WHAT YOU WILL DO ->
Word for word and without images, transcribe all of the records.

-- -- --

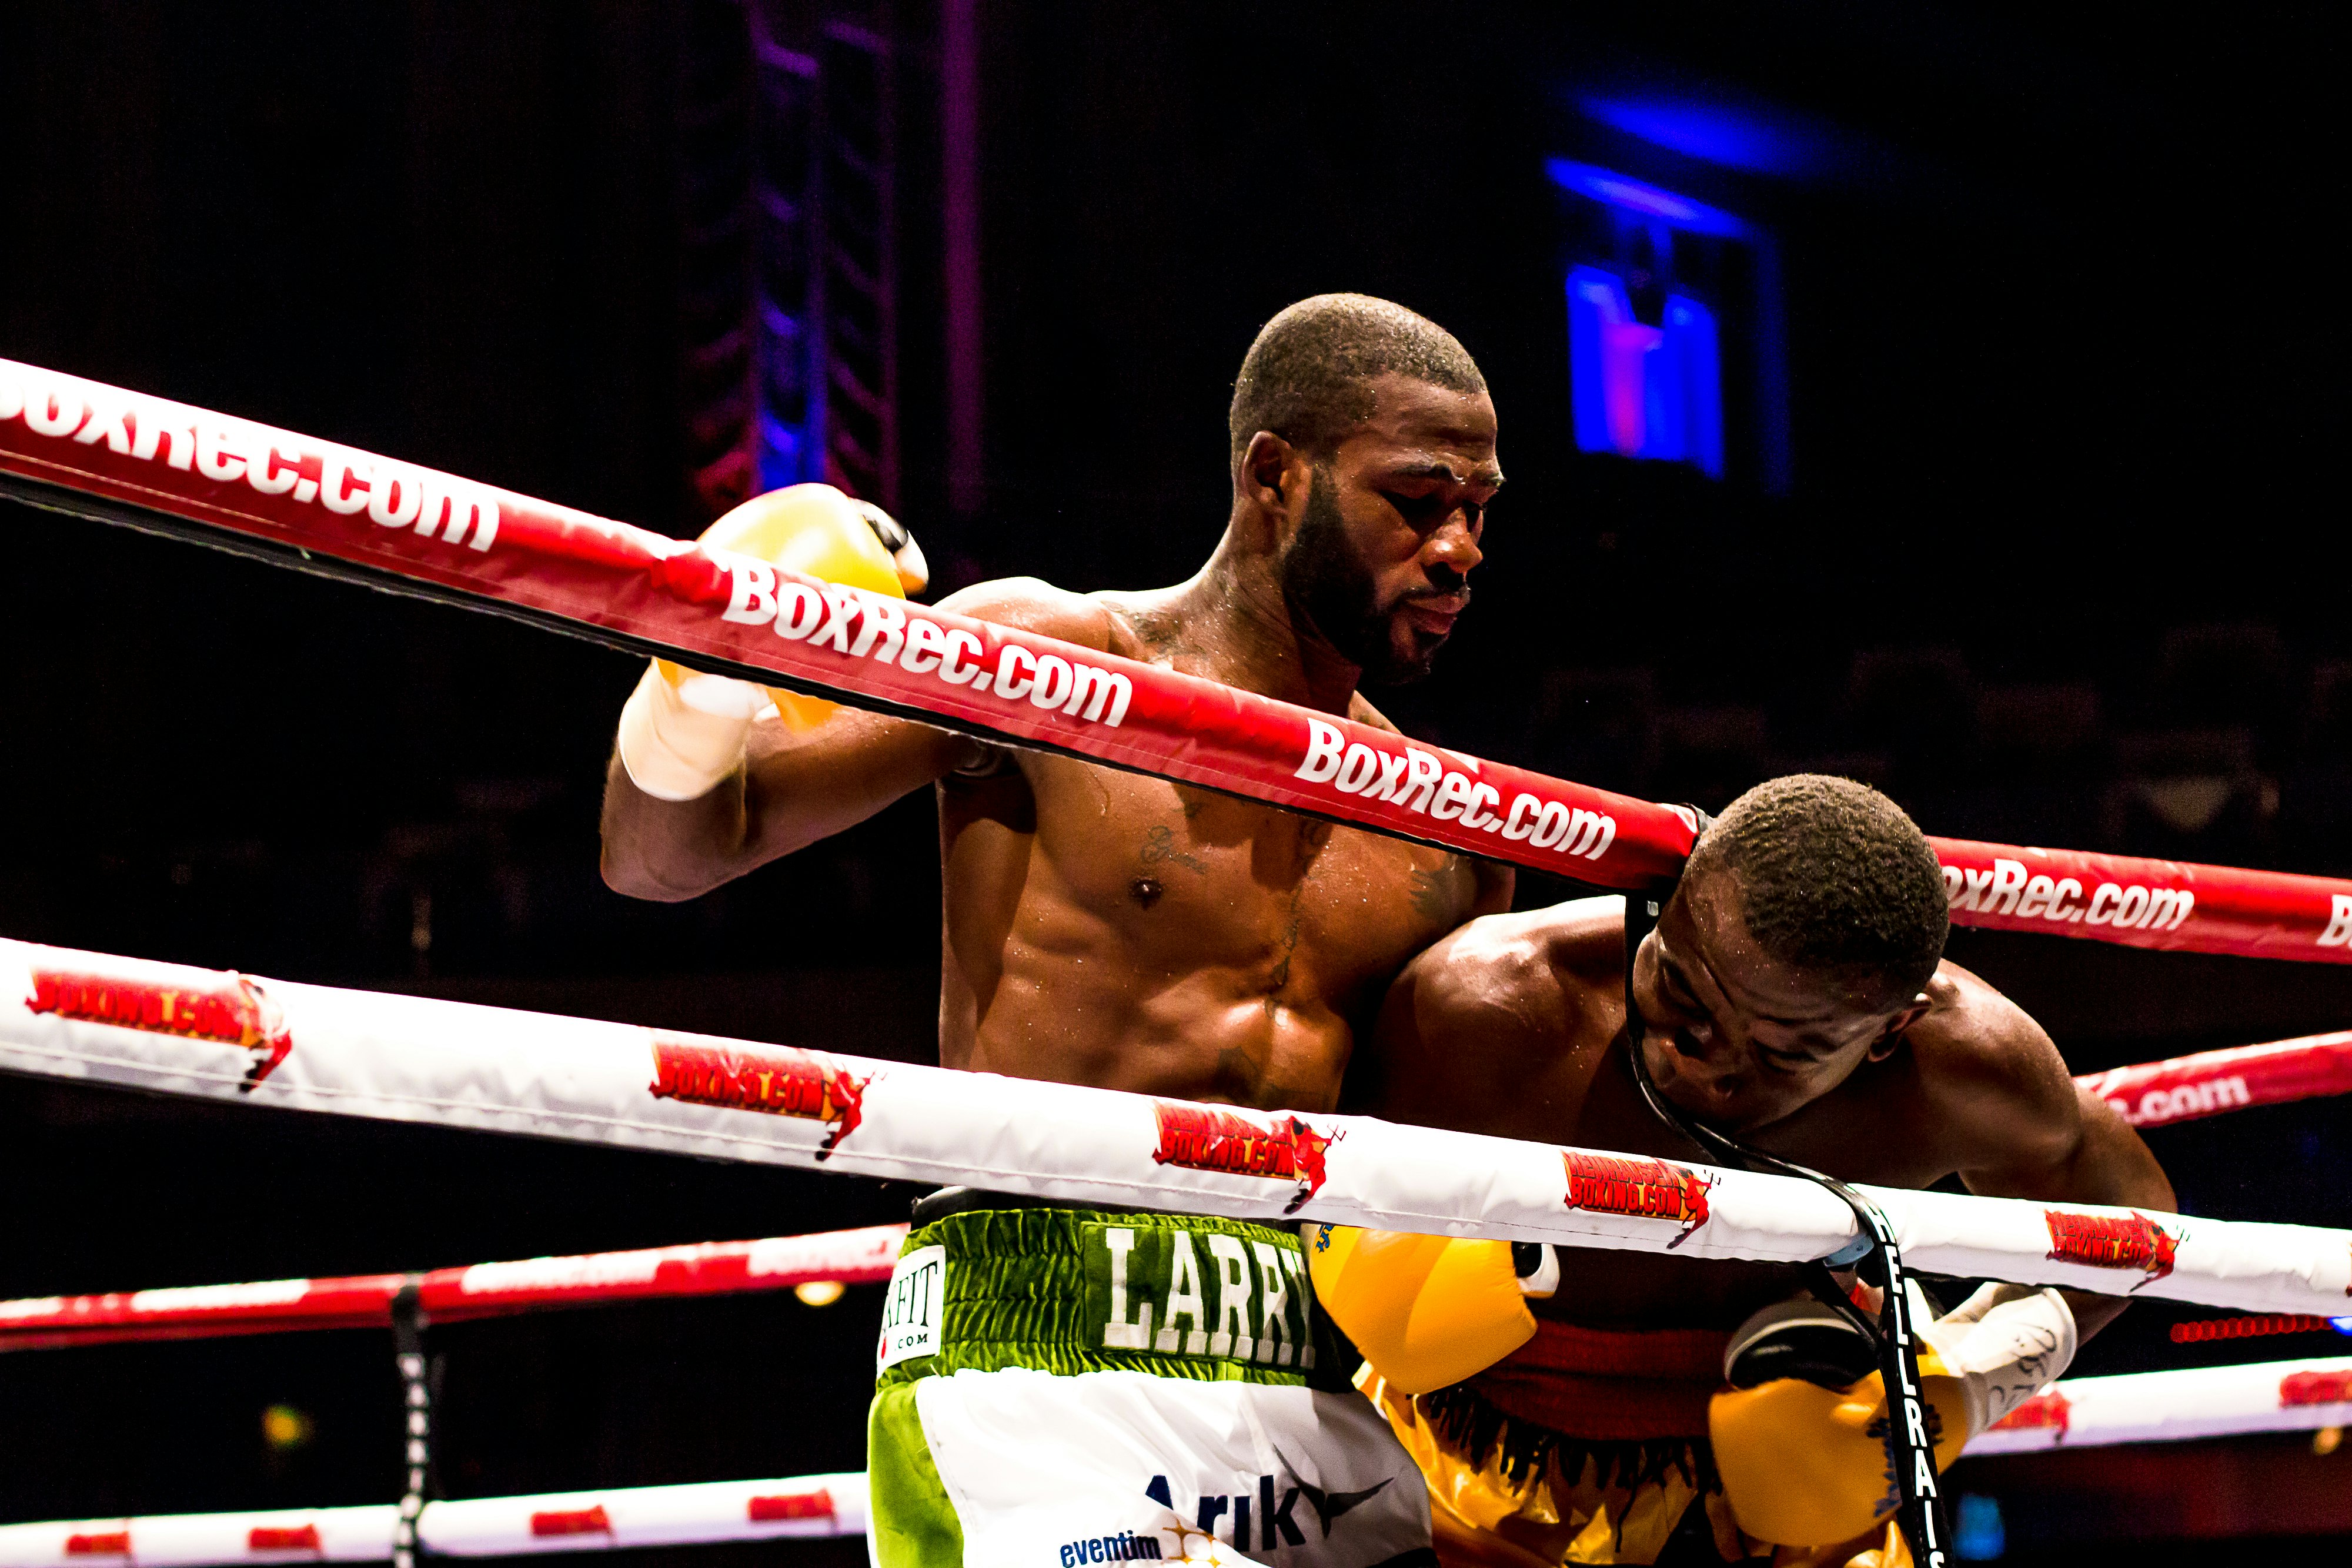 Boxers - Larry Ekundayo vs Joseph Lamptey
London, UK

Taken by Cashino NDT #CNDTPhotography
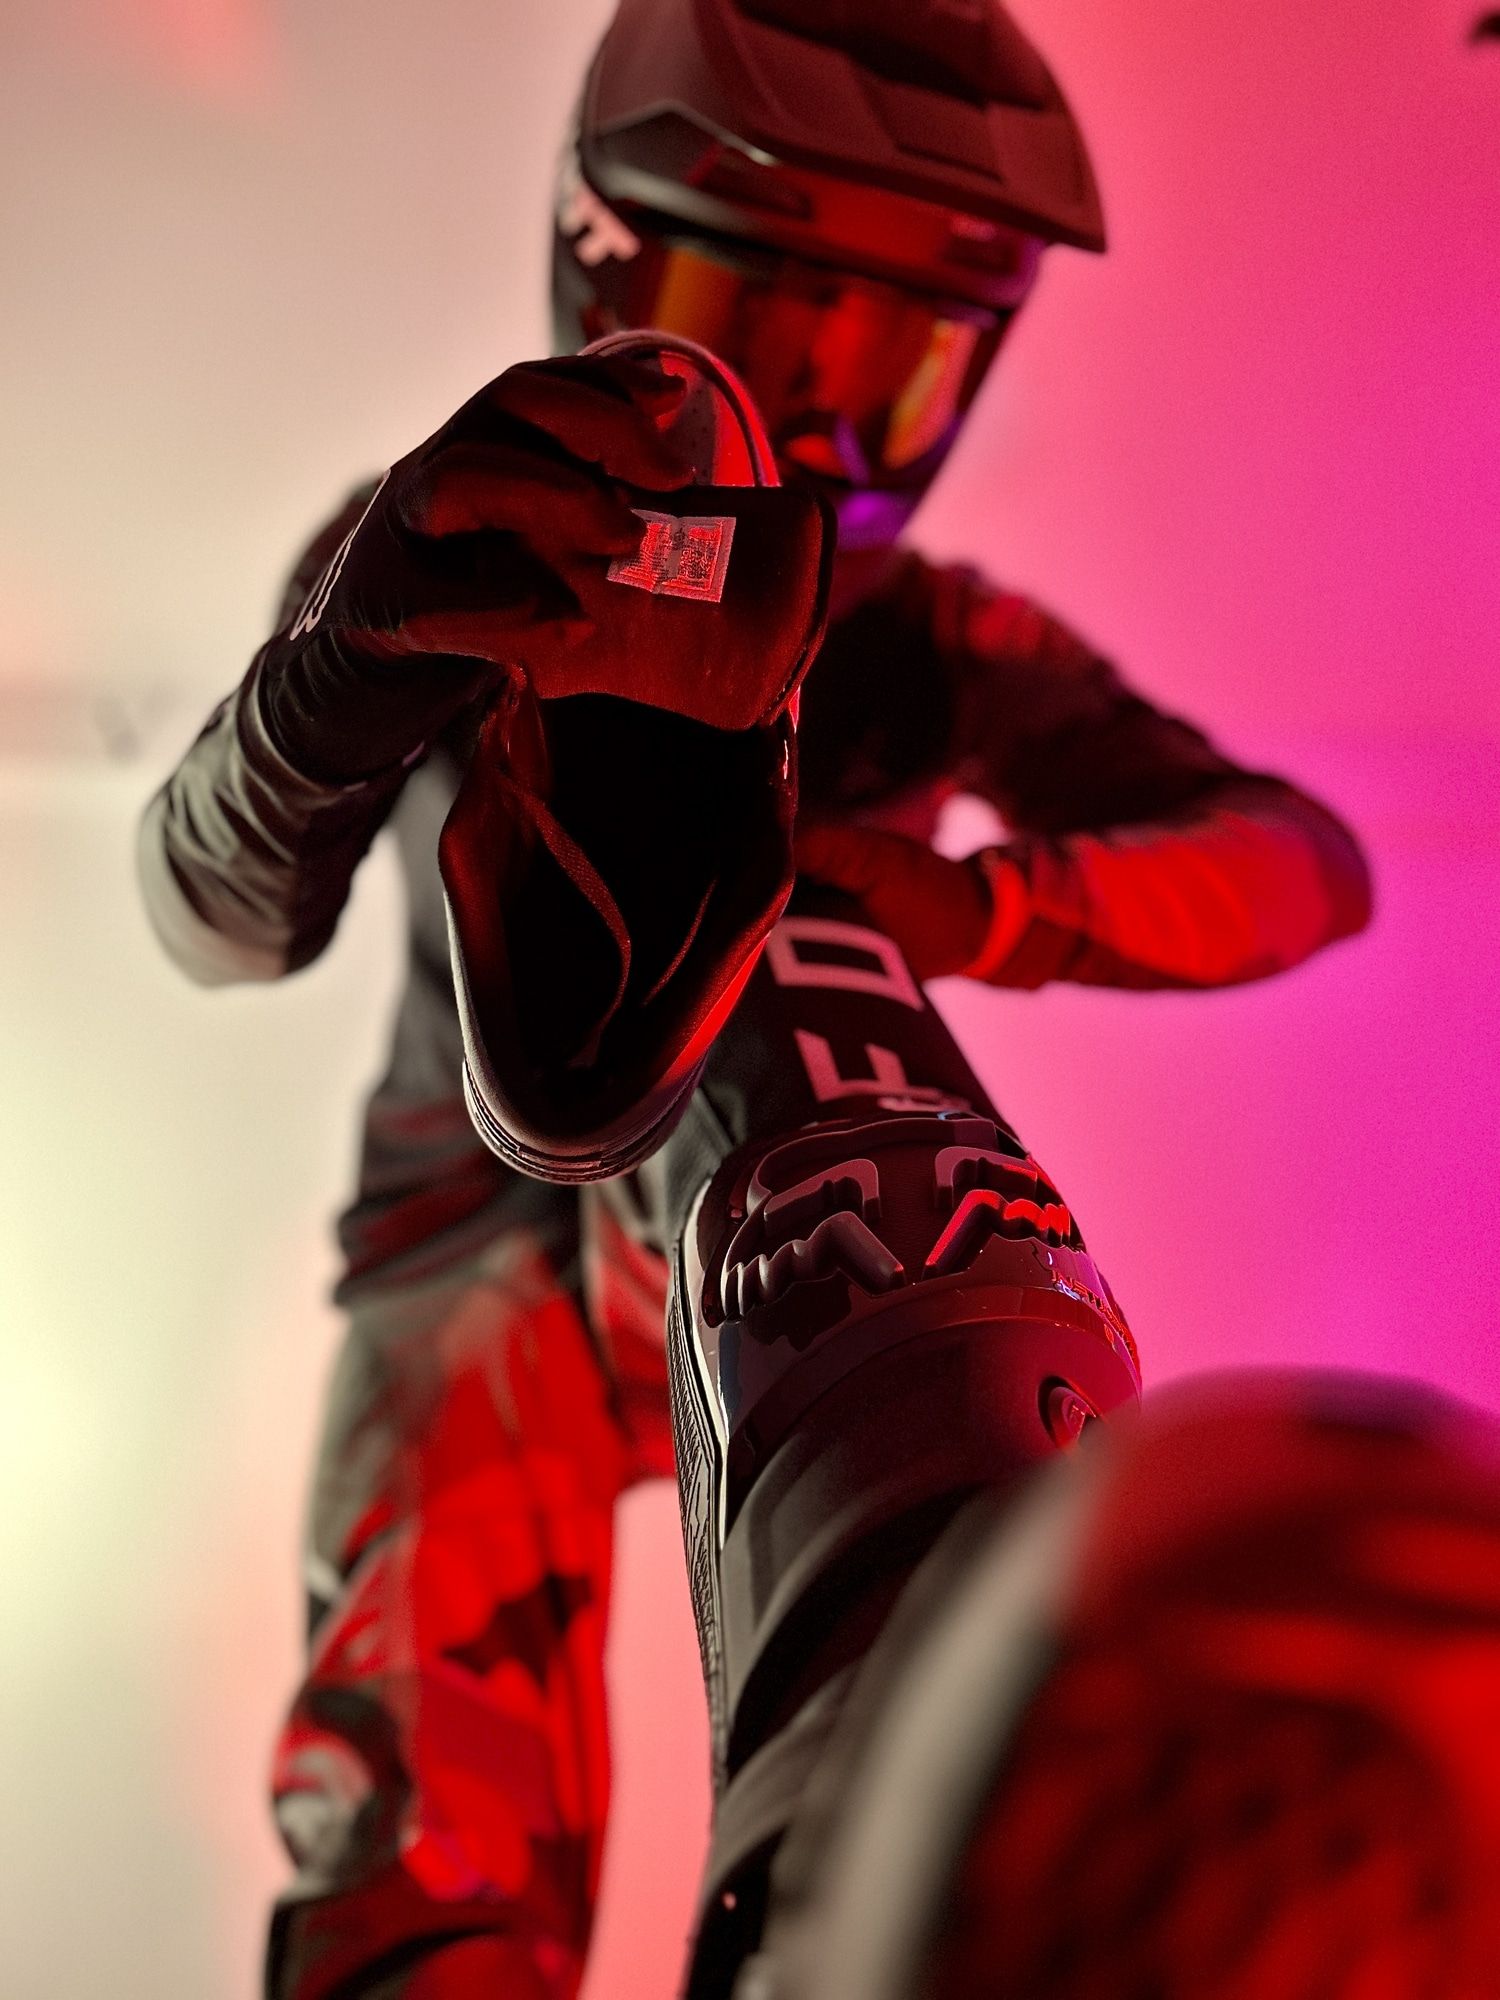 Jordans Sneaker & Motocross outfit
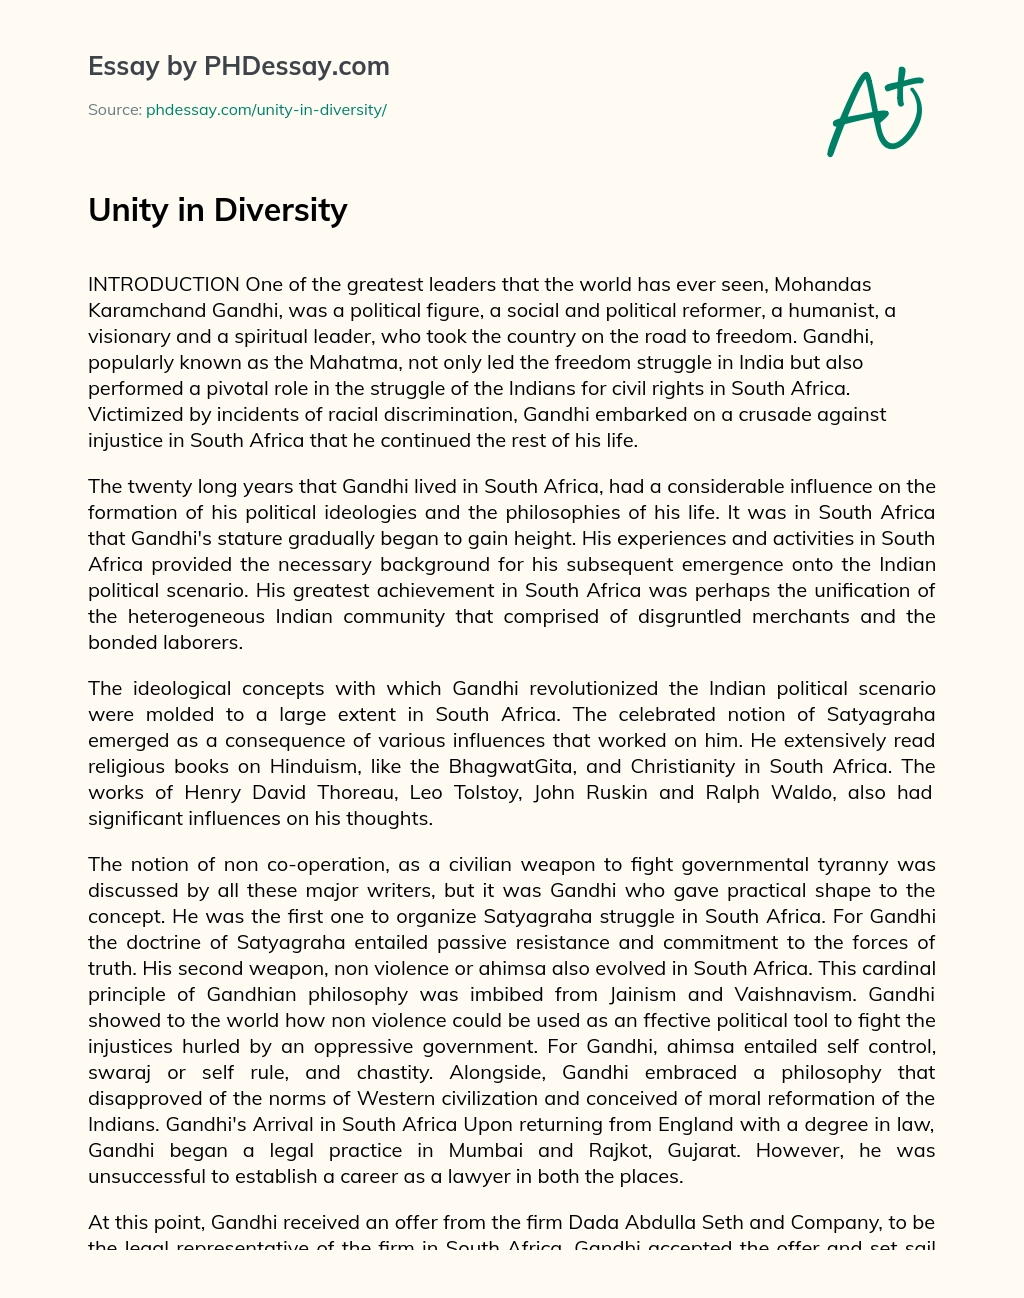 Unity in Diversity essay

-- -- --

RESPONSE AREA ->
 Boxers - Larry Ekundayo vs Joseph Lamptey
London, UK

Taken by Cashino NDT #CNDTPhotography
 Jordans Sneaker & Motocross outfit
 Unity in Diversity essay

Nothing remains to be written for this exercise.